I also found the author to be very prescriptive - too much so. However, whenever the author refers back to her prescriptive guide to meditative writing, she gives an example of someone who breaks that and succeeds, tacitly offering the option to accept or disregard steps as preferred ( as an example: Read for 5 or more minutes before writing. After one session, a participant reported that she reads afterward, and it works for her.)
In the end – I found true value in the book. The reading was strong. I would recommend it to others.

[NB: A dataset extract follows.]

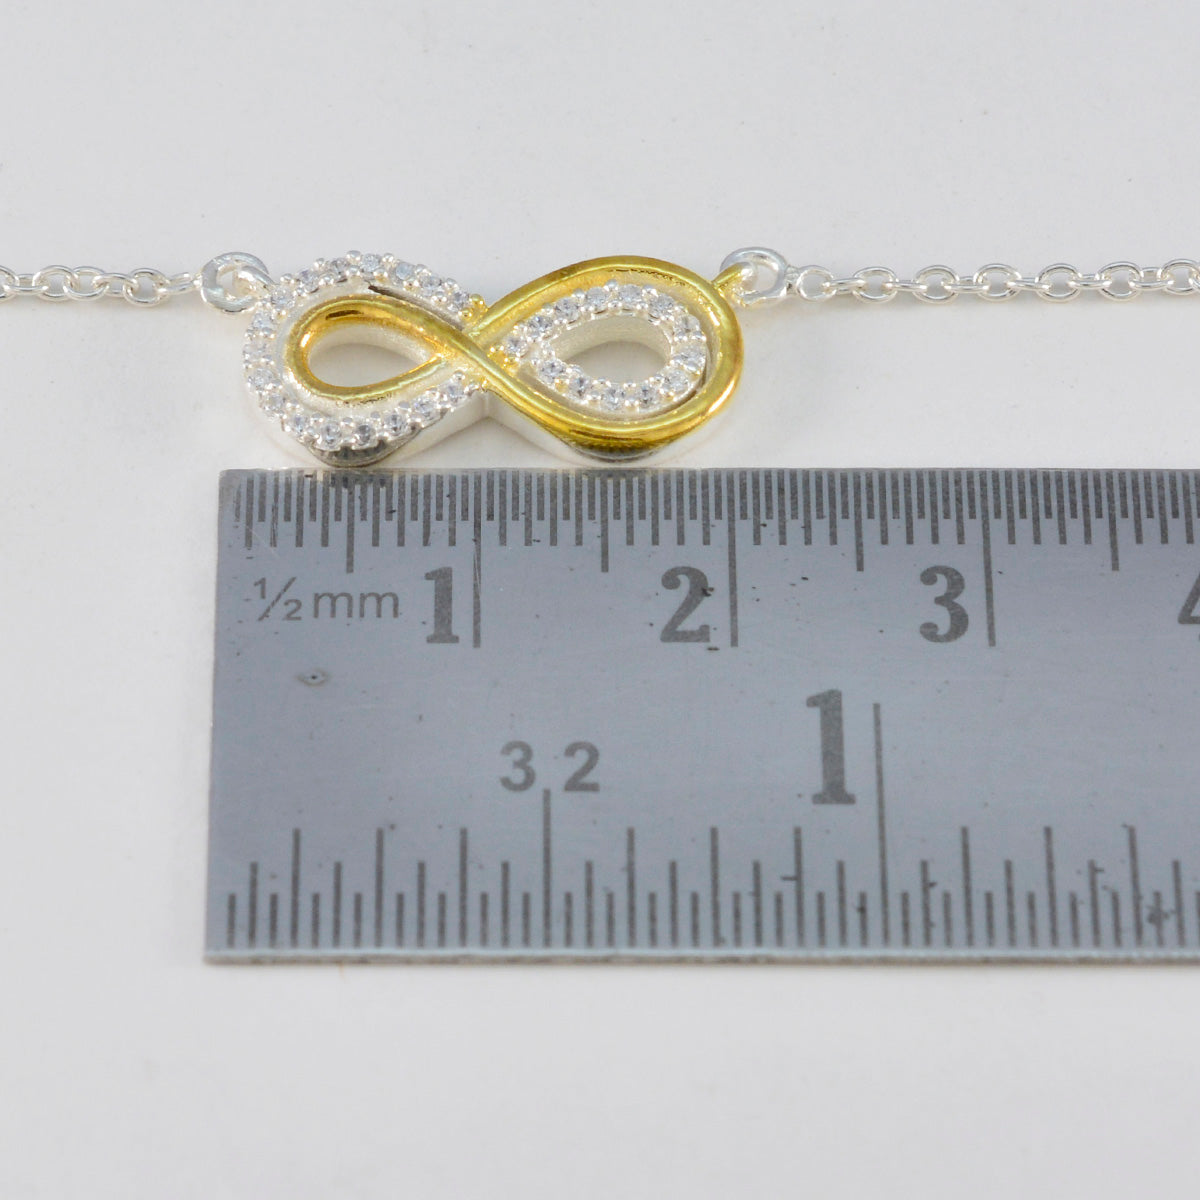 Riyo Prepossessing Gemstone Round Faceted White White Cz Sterling Silver Pendant Gift For Women

The reading was smooth and consistent.
The deep value I took from this book came in less than 30 words: “Address the voice directly, Write fast, Ask lots of questions, Write whatever comes - Open your heart and mind all the way, and just say what wants to be said.”
At time the book felt male-phobic. The vast majority of protagonists are divorced females, with the antagonists described as ex-husbands, fathers and male teachers. I don’t feel this was intentional; but it was a fairly consistent theme.
This was very Christain/Catholic oriented. Not so much about writing as about belief in God. I could not get beyond an hour of it. Not a book about writing as far as I could tell.
I enjoy audio books and blogging.
I enjoyed advice about writing to unlock communication with the "voice", and how daily practice would unlock a mystical connection to a source of information.
First Janet Conner book.
First Jane Cramer listen.
I occasionally felt that the side story, and some suggestions would derail the book, yet it always stayed on track. Repetition of the phrase "write down your soul" was very effective, and kept me focused.
The author's suggestion to ask the "voice" the right questions was profound and surpassed the primary scope of the book. This and other suggestions like it, made it a very informative and satisfying read.
I felt this book was a encouraging book BUT the preview had made it sound as a Christian book. I think there were elements in there but the author is trying to be to "politically correct" and that was disappointing. I listened to most to get the jist-which was helpful but could not totally finish it due to disappointment in this aspect.